Talking about poverty

This last week many people (many family members, even) put cute little cards and videos on Facebook sharing the idea that poor people are poor because they refuse to work and are greedy, lazy, sons-of-whatever who just want to steal the money of the hardworking tax payers who should not have to pay for welfare for anyone no matter what. It's all tied up in the Republican party line on poverty.

They did it seemingly oblivious to the fact that saying someone is poor because they are lazy and therefore should just get a job, not get welfare, is just a fancy way of saying they brought it upon themselves, which the scriptures tell us not to do.

Nobody seemed to make the connection that if they knew someone who was really poor, this would be a horribly cruel thing to say to them, that they are lazy, worthless, unworthy of help, and obviously not interested in anything but leaching off other people and watching TV or they wouldn't be asking for help--because real people don't ask for help ever; they suck it up, suffer, work hard, and then don't need help anymore because they saved themselves. As everyone should.

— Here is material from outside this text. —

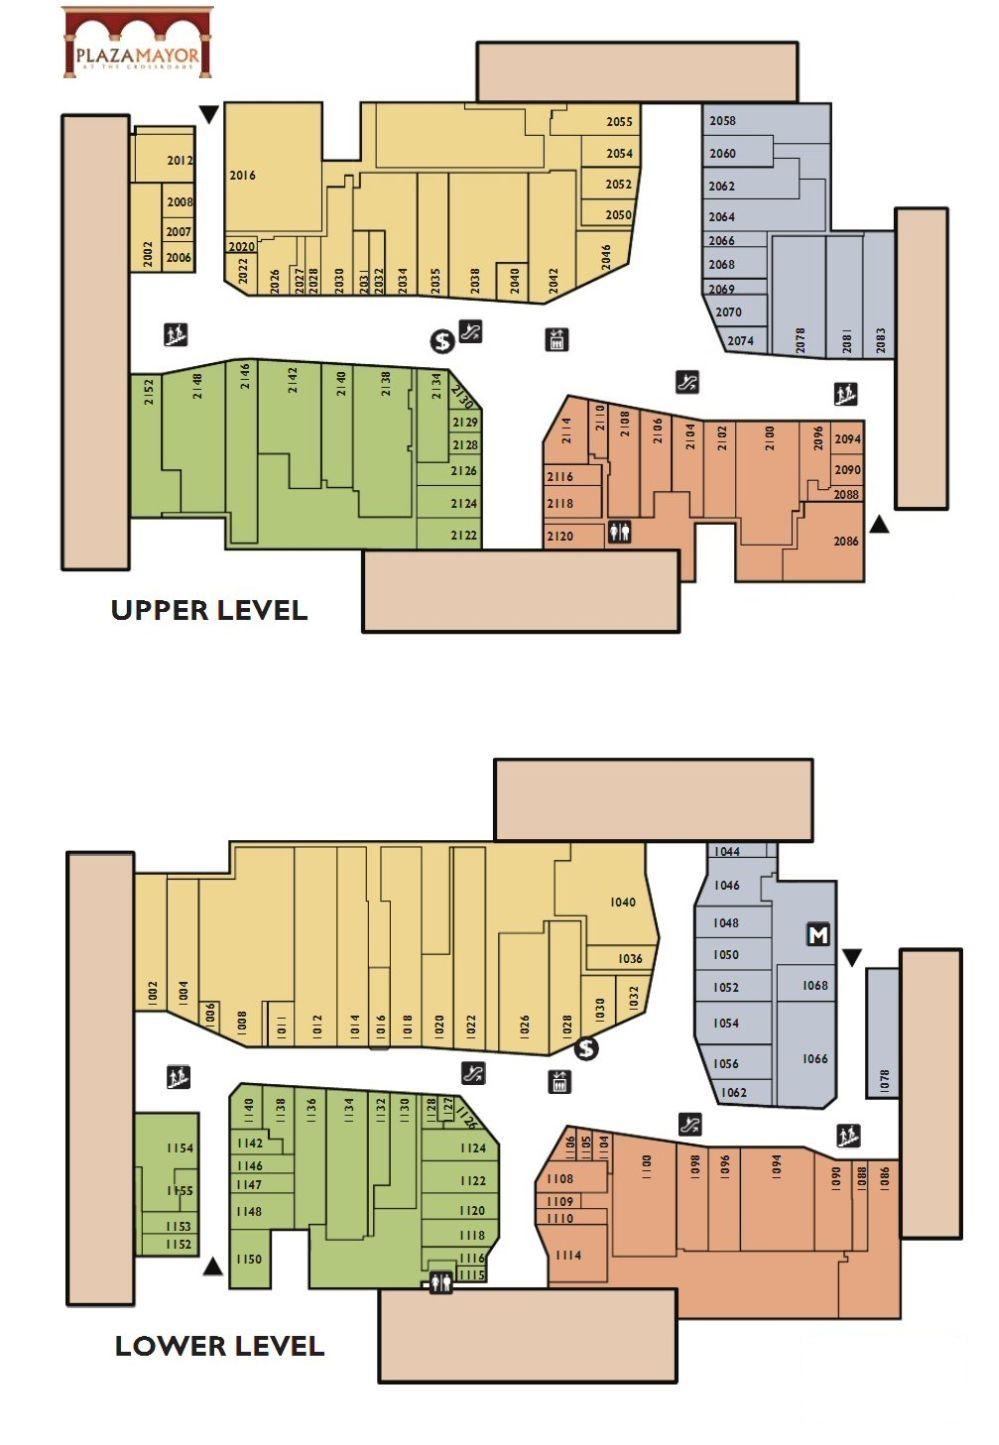 Crossgates Mall Map : crossgates, Plaza, Mayor, Crossroads, Shopping, Crossroads,, Plaza,, Malls

It reminded me of Job, who is sitting and suffering and his friends are telling him that it's his own damn fault that he's suffering (which wasn't true) and he finally turns to them and says, "How long will ye vex my soul and break me in pieces with words?" (Job 19--it's worth a read if you want to know how it feels to be poor and constantly have people harp on you that it's your own fault and you should fix it yourself.)

I truly do not see how condemning and insulting the poor with little to no understanding of what they are living with is helpful. Truly, it is what Job said, vexing their souls and breaking them in pieces with words. And when a person is struggling with all their might to just get through, to hang on to faith and hope that things can get better, praying their shoes don't get visible holes and their kids don't have a field trip that costs $4 to attend, and working their tail off in the mean time, stealing any bit of hope or energy from them is beyond cruel.

If your entire understanding of poverty comes from crap like "20 Things Rich People Do Every Day" (or anything else Dave Ramsey ever wrote; Dave Ramsey is great is you have a steady sizeable income but are using it poorly. He is the worst enemy of the truly poor because people use his words to condemn the truly poor and justify not helping them because they "refuse to help themselves." Also because his advice is totally and completely worthless if you're destitute.)...anyway, if your understanding of poverty comes from that or from that one month right after you graduated from college before you got your first real job, then you might want to pause and think before you post anything about poverty anywhere. Do you really know what you're talking about? Where are you getting your information? Is it founded in reality--or even research--or politics? Does your idea of being poor consist of waiting a couple of days for the next paycheck to come? You might not know what poverty actually really is, and you should before you start trying to solve the problems.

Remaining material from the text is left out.